If you have a 10,000 Watt peak output motor attached to a very light axe, so that it only took only 1 millisecond to fire, then there is no way that it can deliver more than 10 Joules of energy.
Whereas, if you connected it to a very heavy axe, so that it took 0.5 secs to fire, then it has the potential to deliver up to 5000 Joules.
Im building a Rexs Robot Challenge style FW for my IVA project at college, and I want an axe robot rather than a flipper, and I am unsure of a mechanism that uses both rams. Any clues ? I can use a motor, but Id need extra batteries for that
A motor would be easier, as you cant get much space and pressure in a fizzy drinks bottle (meaning less potential shots from the rams than Co2). Ive got to admit a Co2 axe would look better though. It would be quite easy to couple two bicycle rams together and use the same rack & pinion meathod as used on terrorhurtz, although the rack and pinion would probably require machining a new rod (the moving bit) for the ram(s).
You could use a crank lever system powered by a motor. Similar to what Mortis has.
for electric featherweight axes, e-mail me on james@jamesbaker.f9.co.uk and Ill send you a pic and info.
the design was entirly from my own knowledge of degree level engineering, and nothing else.
Having an astronomical respect for my knowledge, my friend then asked everyman and his dog for advice, including John Reid, and the solution he came up with using Johns figures and many computer programs was.... exacly the same as my solution.... exactly.

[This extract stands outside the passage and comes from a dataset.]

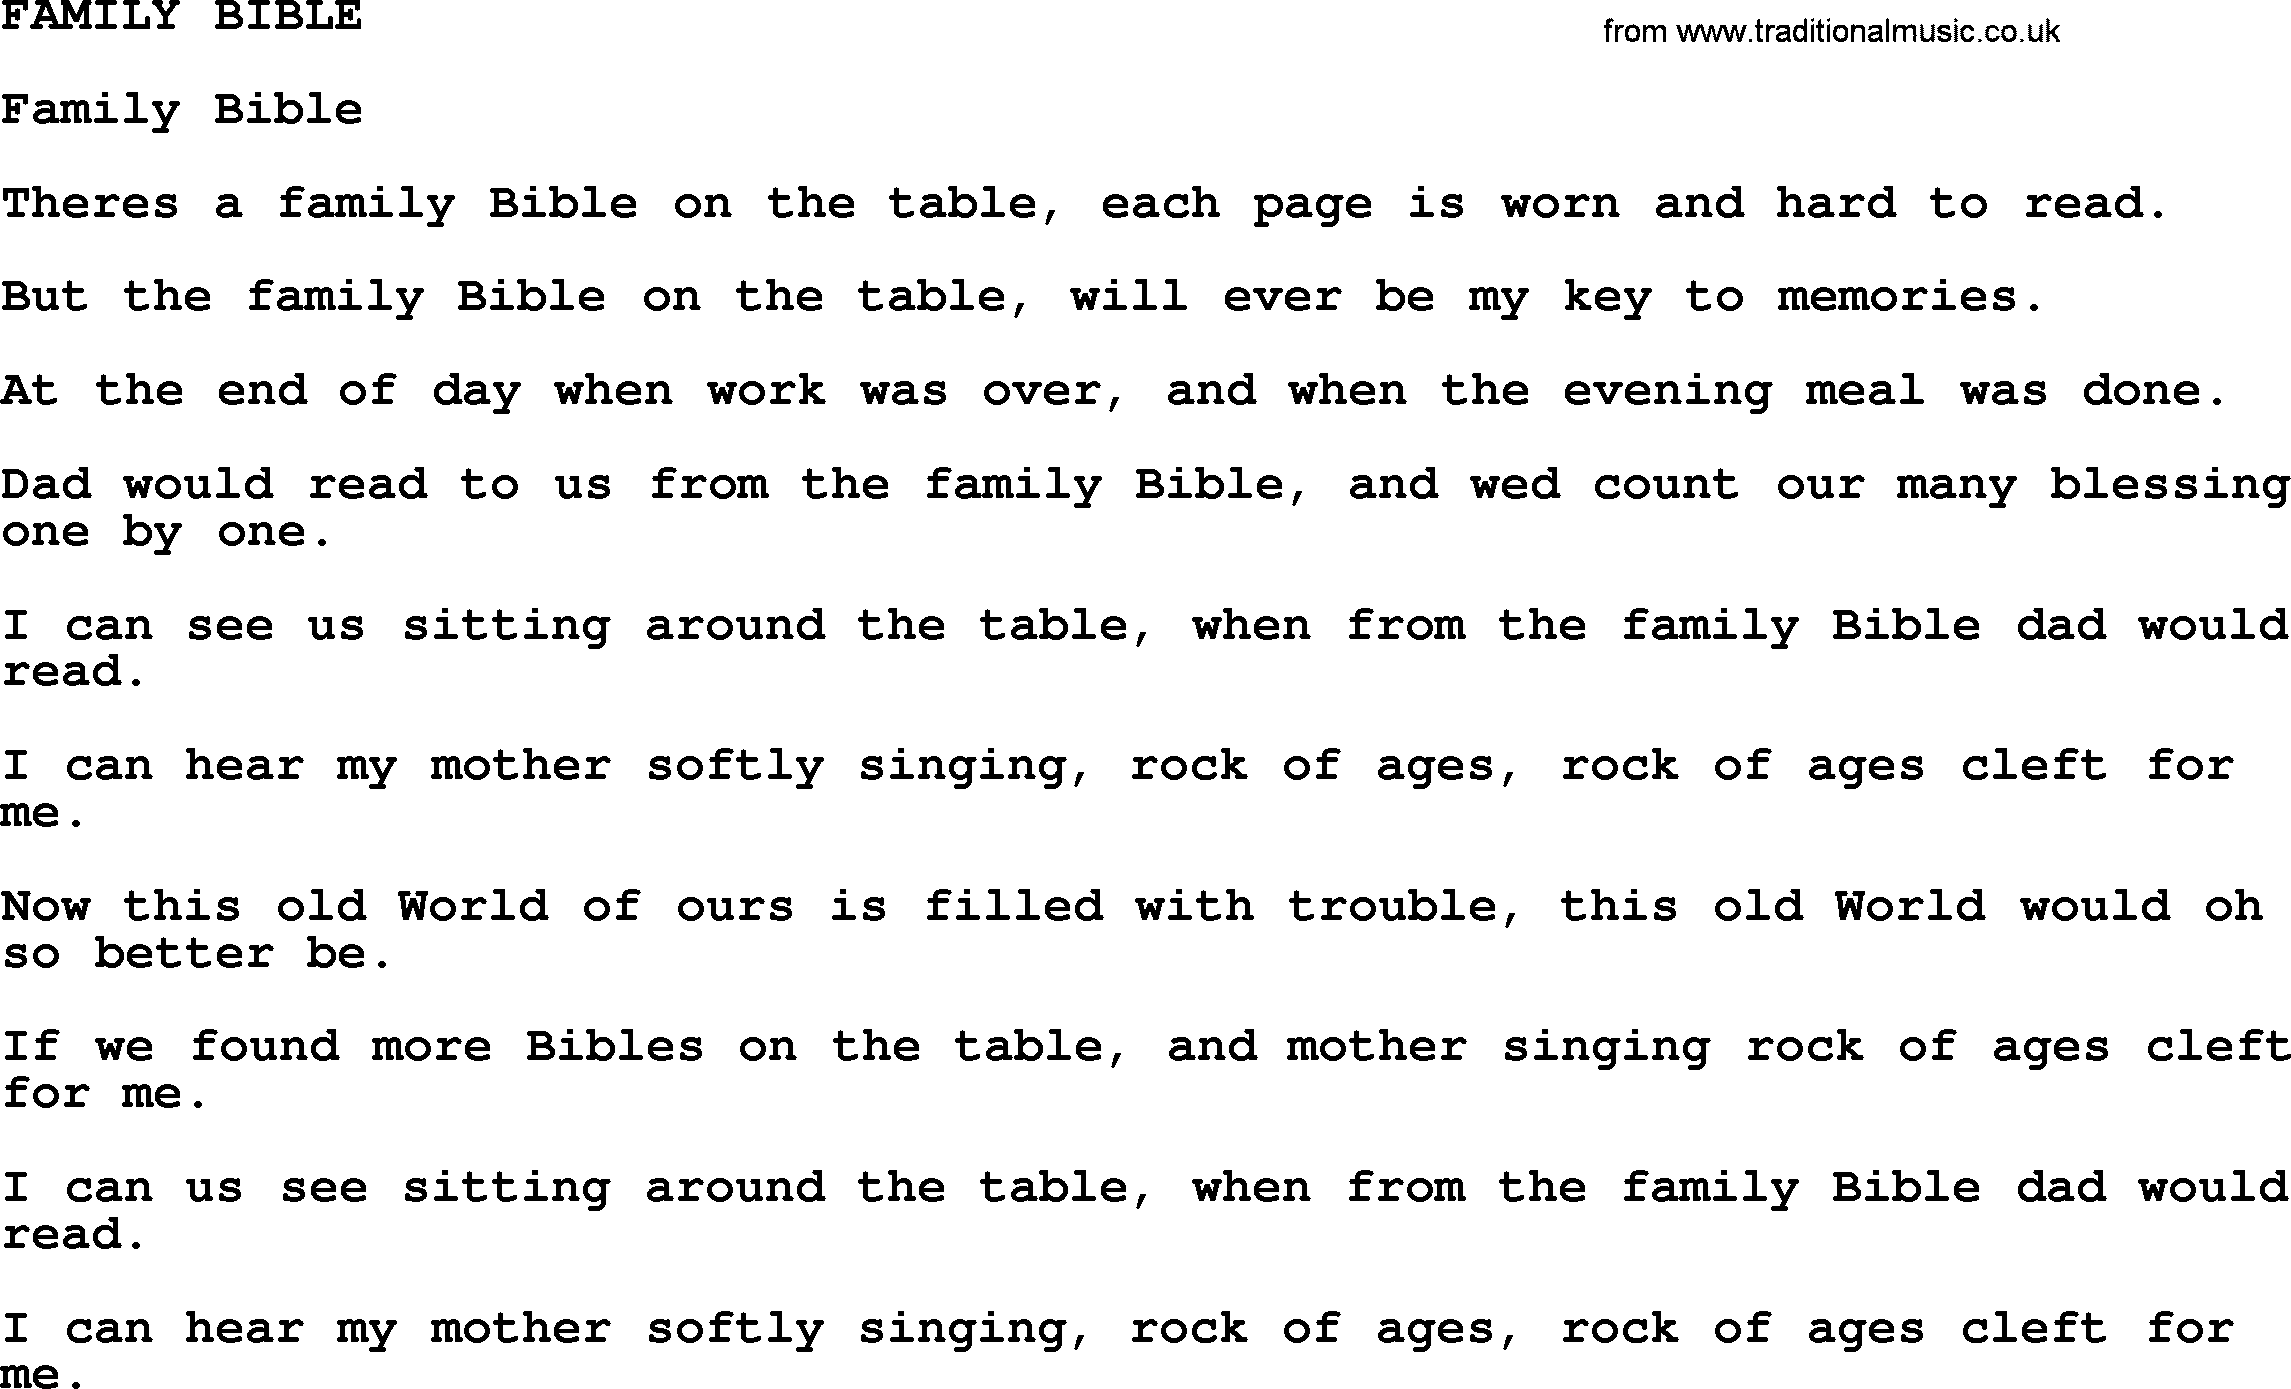 Merle Haggard song: Family Bible, lyrics.

So Id say that sticking to basic pricipals is by far the easiest way to build an effectice axe and if you do not have the maths background e-mail me and Ill send you info about mine
cheers
james
Ive had a look at Pauls equations and Ive fed in all the stats for my feather axe robot. I had to do this on paper as I dont have Excel. I ended with an answer that I was expecting, but when I then tried to modify the inputs for the gear reduction which my robot has the answer ended up at less then a 3rd of the energy. Anybody care to help explain this?
The robots weapon is a 1kg hatchet driven from an E.V. Warrior at 24V with a 4:1 reduction through chains and sprockets. The energy calculated before reduction was 1.4kj and after reduction was 0.4kj. A photo of the half completed robot can be found here http://www.robowars.org/forum/album_pic.php?pic_id=346http://www.robowars.org/forum/album_pic.php?pic_id=346
An EV Warrior powered by two 24V 3Ah Nicad sets would have a peak power output of around 600 Watts.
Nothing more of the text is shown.